Song by Danny Kaye

from the album Hans Christian Andersen
- Released: 1953
- Songwriter: Frank Loesser

= Inchworm (song) =

Song from the film Hans Christian Andersen

"Inchworm", also known as "The Inch Worm", is a song originally performed by Danny Kaye in the 1952 film Hans Christian Andersen. It was written by Frank Loesser.

==Lyrics==
The song's lyrics express a carpe diem sentiment, with the singer noting that the inchworm of the title has a "business-like mind", and is blind to the beauty of the flowers it encounters:

Two and two are four
Four and four are eight
That's all you have on your business-like mind
Two and two are four
Four and four are eight
How can you be so blind?

Subsequent verses include the lines "Measuring the marigolds, you and your arithmetic / You'll probably go far" and "Seems to me you'd stop and see / How beautiful they are".

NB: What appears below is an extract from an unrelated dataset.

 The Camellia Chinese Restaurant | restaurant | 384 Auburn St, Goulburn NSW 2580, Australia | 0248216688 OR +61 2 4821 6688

Loesser wrote a counterpoint chorus that, sung by itself, has become popular as a children's song because of its arithmetical chorus:

Two and two are four
Four and four are eight
Eight and eight are sixteen
Sixteen and sixteen are thirty-two

In the film, a children's chorus sings the contrapuntal "arithmetic" section over and over inside a small classroom, dolefully and by rote, while Andersen, listening just outside, gazes at an inchworm crawling on the flowers and sings the main section of the song. Loesser loved the intellectual challenge of such contrapuntal composition, which he also did in other works such as Tallahassee.

==Reception==
The composer received a fan letter (signed pseudonymously, "Respectfully, a Kansas inchworm") which said of the song:
...It is simple, yet it is so intricate, the harmony is perfect and the counterpoint — well it just gives me a headache when I think of what it would be like to try to write it...

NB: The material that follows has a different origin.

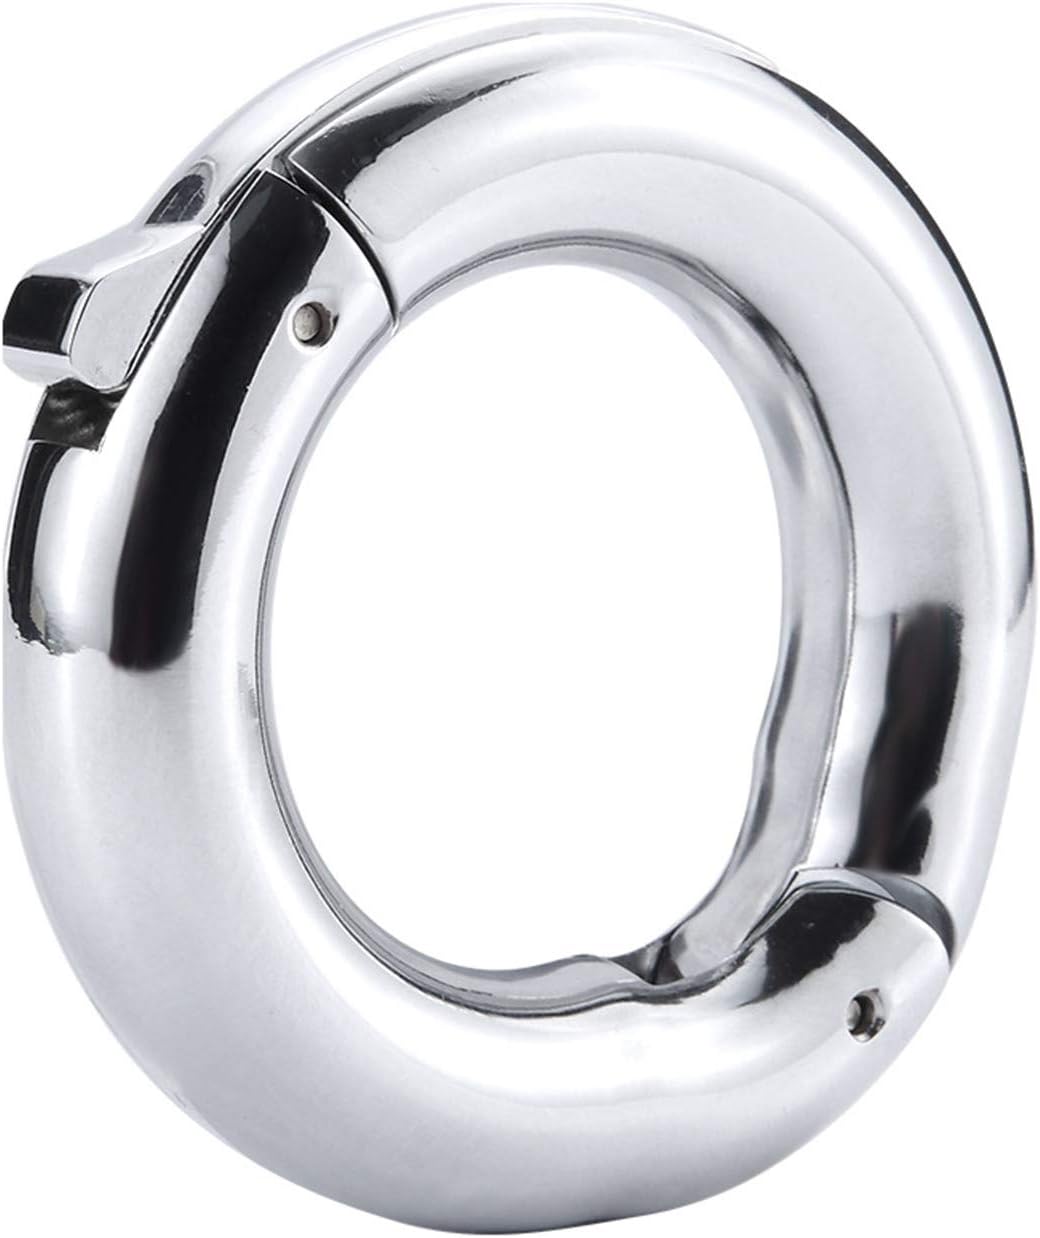 Testicle rings for men penis ring adjustable diameter 40-50 mm

Loesser was so touched by the letter that he placed a large advertisement in the largest newspaper in Lawrence, Kansas — the Daily Journal World — in thanks. His correspondent wrote again, revealing herself to be teacher Emily Preyer.

==Recorded versions==
"Inchworm" has been recorded by many singers, including Paul McCartney, Rachelle Ferrell, The Brothers Creeggan, Anne Murray, Kenny Loggins, We Five, John Lithgow, Mary Hopkin, Doris Day, Dan Zanes, Kurt Wagner, Lisa Loeb, The Sandpipers, and Patricia Barber. Performed instrumentally, it was a regular feature of the John Coltrane Quartet's repertoire and appears on the album Coltrane.

David Bowie said the song was the inspiration behind his 1980 song "Ashes to Ashes":

Ashes To Ashes wouldn't have happened if it hadn't have been for Inchworm. There's a nursery rhyme element in it, and there's something so sad and mournful and poignant about it. It kept bringing me back to the feelings of those pure thoughts of sadness that you have as a child, and how they're so identifiable even when you're an adult.

==Use in film and television==
- The 1954 Looney Tunes cartoon "From A to Z-Z-Z-Z" opens with a classroom of children reciting the verbatim arithmetic lesson in the same cadence.
- A recording of Danny Kaye singing it was used as the underscoring for a shadow puppet segment on the Captain Kangaroo television show.
- Was sung in part by Principal Skinner in The Simpsons episode S2:E14 "Principal Charming".
- Inchworm has been performed in skits on Jim Henson's Sesame Street and The Muppet Show; the song was done twice by Charles Aznavour, once in a regular sketch, and then again with Danny Kaye and the Muppets when he was on the show.
- The song was performed on the American children's television show Curiosity Shop (ABC).
- In the television series Quantum Leap episode Another Mother, Al (Dean Stockwell) sang it as a lullaby.
- It was used in a 1995 episode of the UK television programme BBC Horizons entitled "Nanotopia", during a segment explaining the "assemblers" of Eric Drexler.
- The song was also briefly featured in the popular British schools drama Grange Hill, being sung by the school choir during rehearsals.
- It was featured at the end of a fourth season episode of the show Northern Exposure.
- In 2010, twice Ivor Novello Awards-nominated band The Leisure Society performed the song for the American Laundromat Records children's compilation, Sing Me to Sleep - Indie Lullabies.
- The song was also sung as a children's lullaby during episode 17 of the first season of the popular TV sitcom Everybody Loves Raymond.
- A slightly re-worked version of "Inchworm" appears in the opening and closing sequences of the video game Paper Mario.